• **Data extract**:

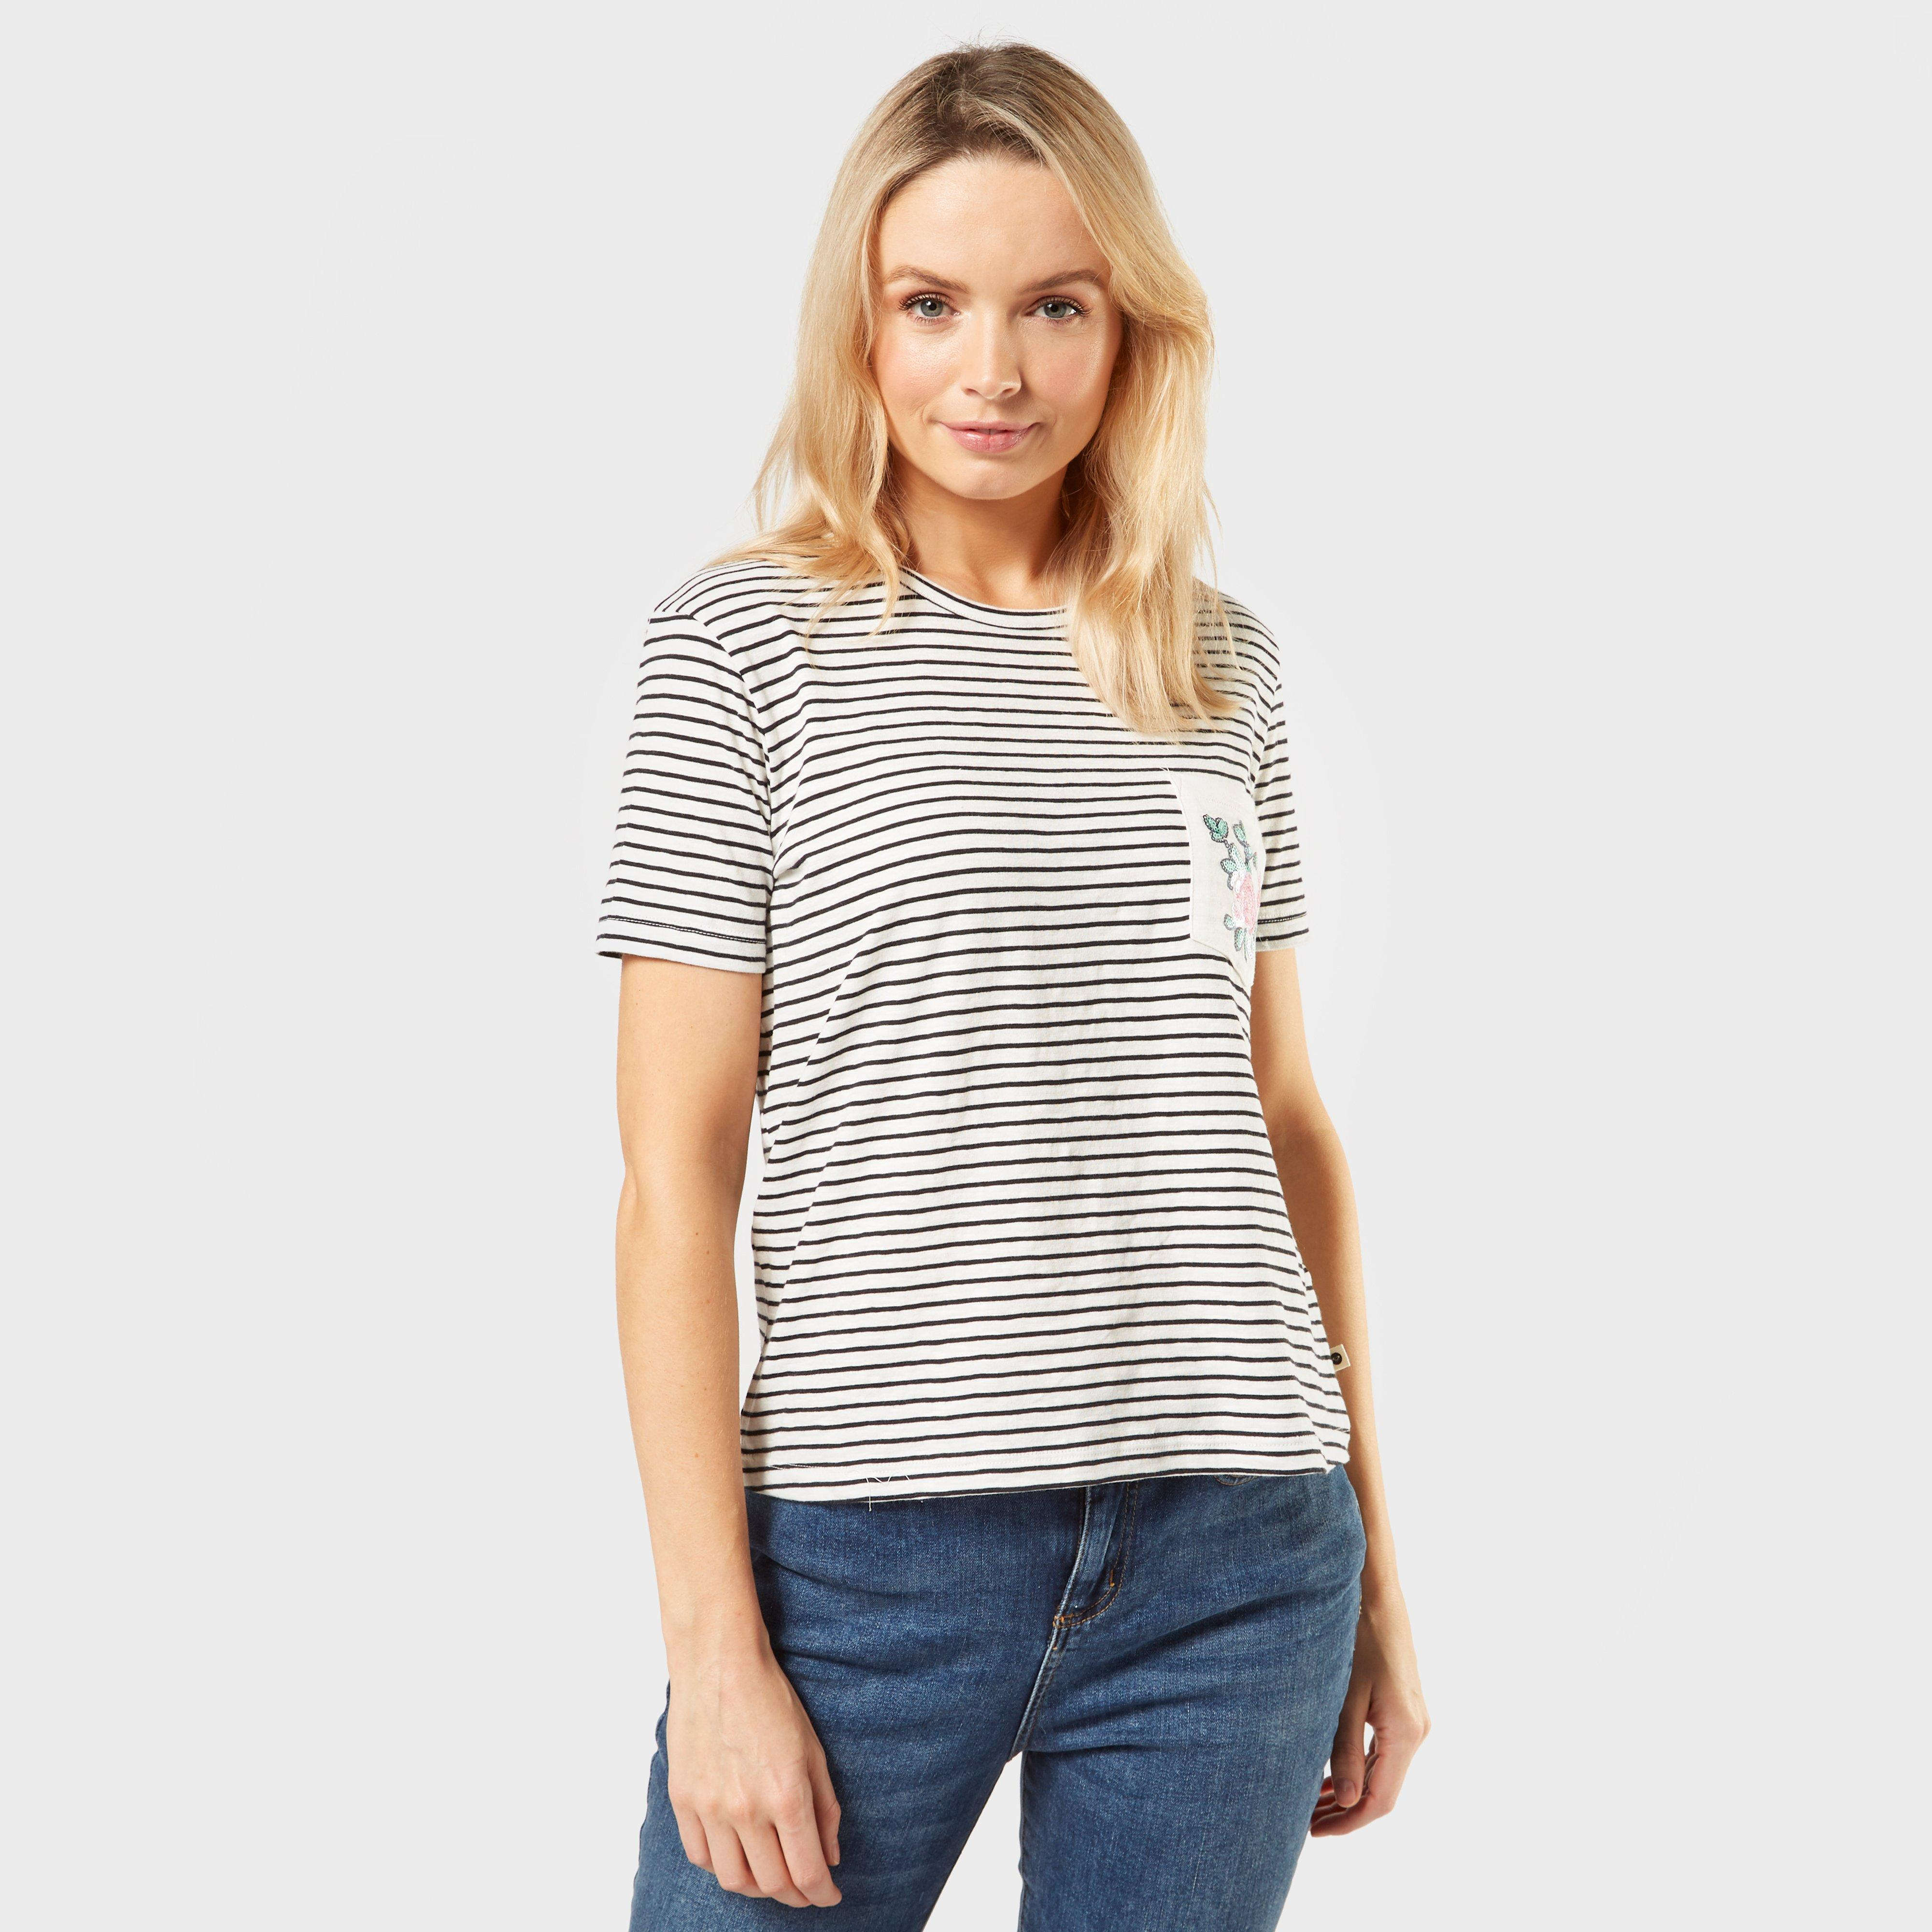 Roxy Women's Be My Love T-Shirt, Grey
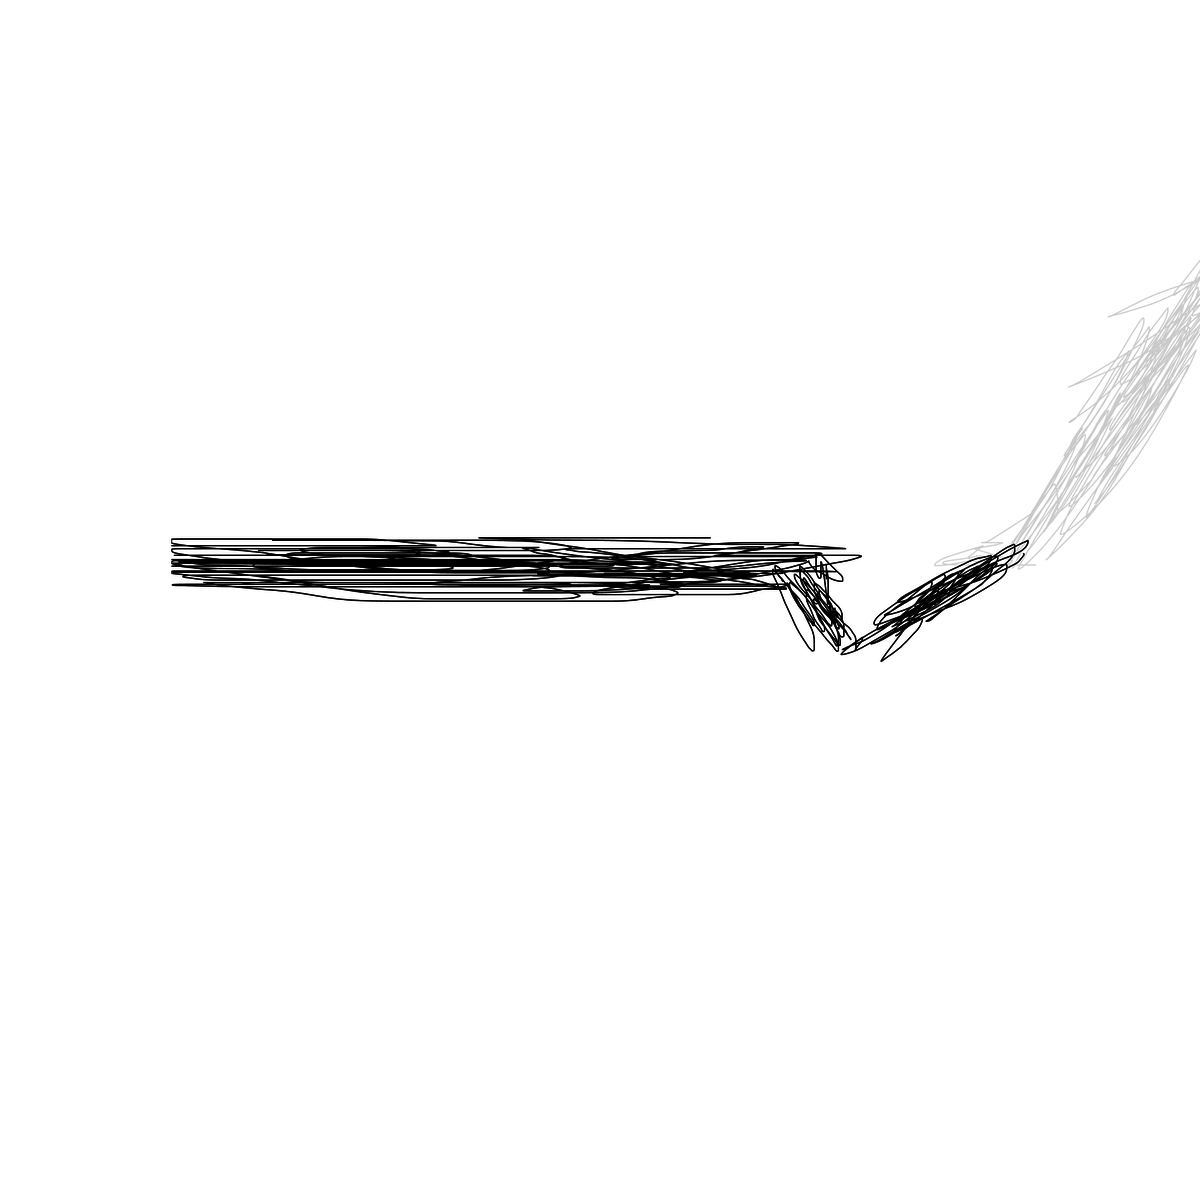 BAAAM drawing#11381 lat:52.4759712219238300lng: 13.4061622619628900
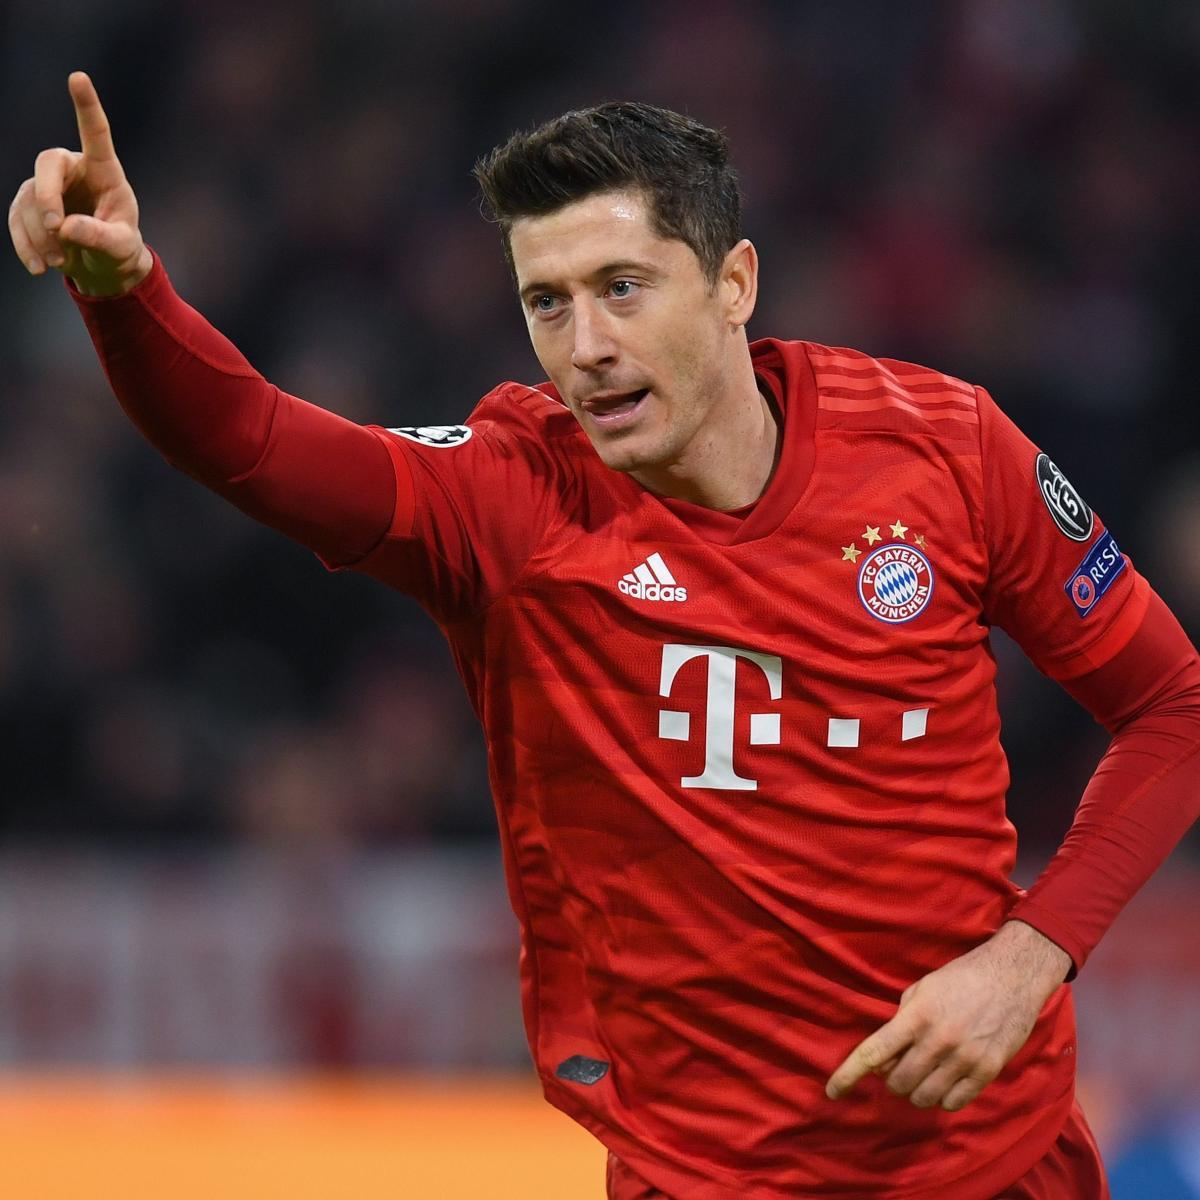 Champions League Qualifiers 2019: Champions League Results 2019: Latest Tables, Top Scorers

• **Problem statement**: Repeat the listing above in full, exactly, and omit its pictures.

• **Response**:
 Roxy Women's Be My Love T-Shirt, Grey
 BAAAM drawing#11381 lat:52.4759712219238300lng: 13.4061622619628900
 Champions League Qualifiers 2019: Champions League Results 2019: Latest Tables, Top Scorers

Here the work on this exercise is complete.